# I need to find xp driver Wifi RTL8187B_WLAN_Adapter , someone can help me pls !



## likenoother84vt (Nov 24, 2008)

I have notebook Toshiba , model L45_S7423 , Origin Operating System is Windows Vista Home Premium . Now i want downgrade to Windows XP Professional , and i couldn't find driver for Wifi RTL8187B_WLAN_Adapter . Someone have driver for it ? Can share to me ? Pls pm me in forum. 
Thks you for read my message !


----------



## Snoopdogie187 (Jun 27, 2002)

Hi, yu may not be able to find this drvier. I have a Toshiba also that came with Vista, and has the same wireless card. I did put XP on as a dual boot but the qifi was a reason I didn't go fully XP. 
From what I can see, the problem with all the drivers is that the wireless card is on the sound card or something like that.
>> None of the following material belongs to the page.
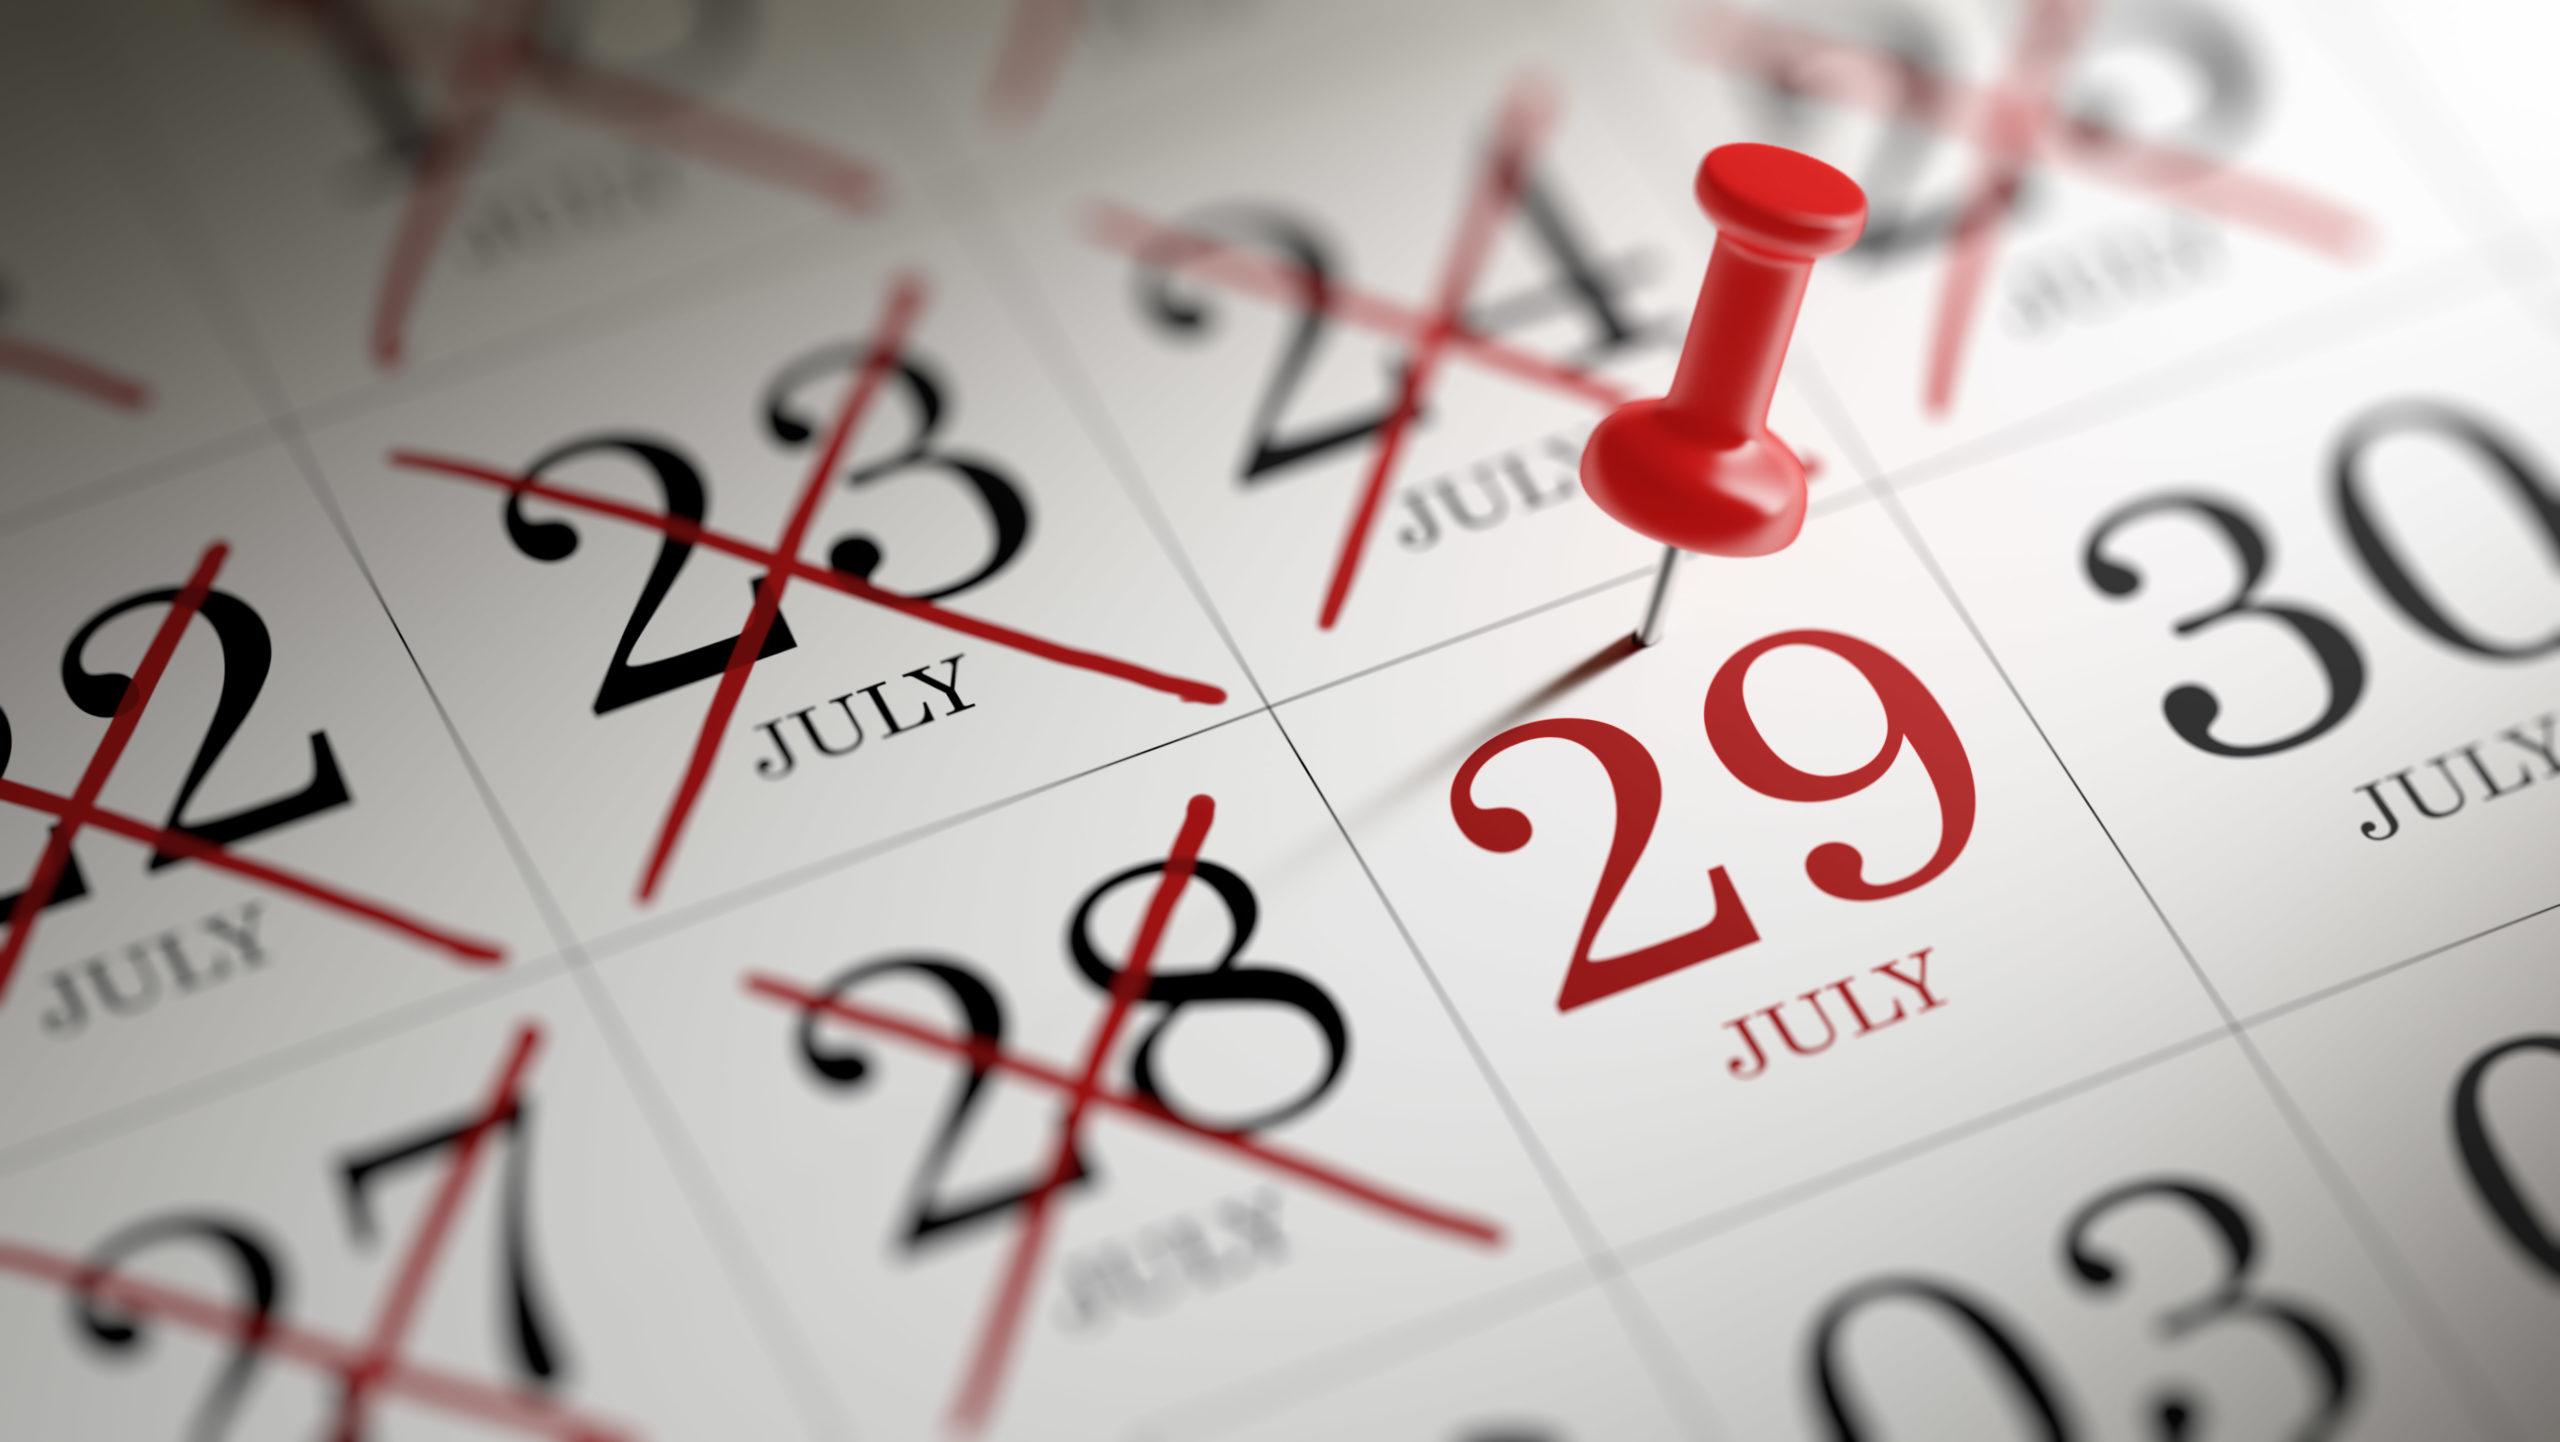 VCF New July Deadline

I'm not too sure how it is worked out, but even if you go get the offical realtek driver from their site and try to use that it just fails. 
I do believe that the driver file can be updated to work, but I wasn't able to find any and I don't know enough about driver files to do it myself. 
(This also seems to be a problem a with linux users as well)


----------



## BCCOMP (Jul 9, 2007)

Hi,
This may help you:
http://www.today.com/external.php?u...shiba-satellite-l45-s7423-updates/id-3272988/

Or

http://www.notebookforums.com/thread206321.html
Hope it helps,
Bill


----------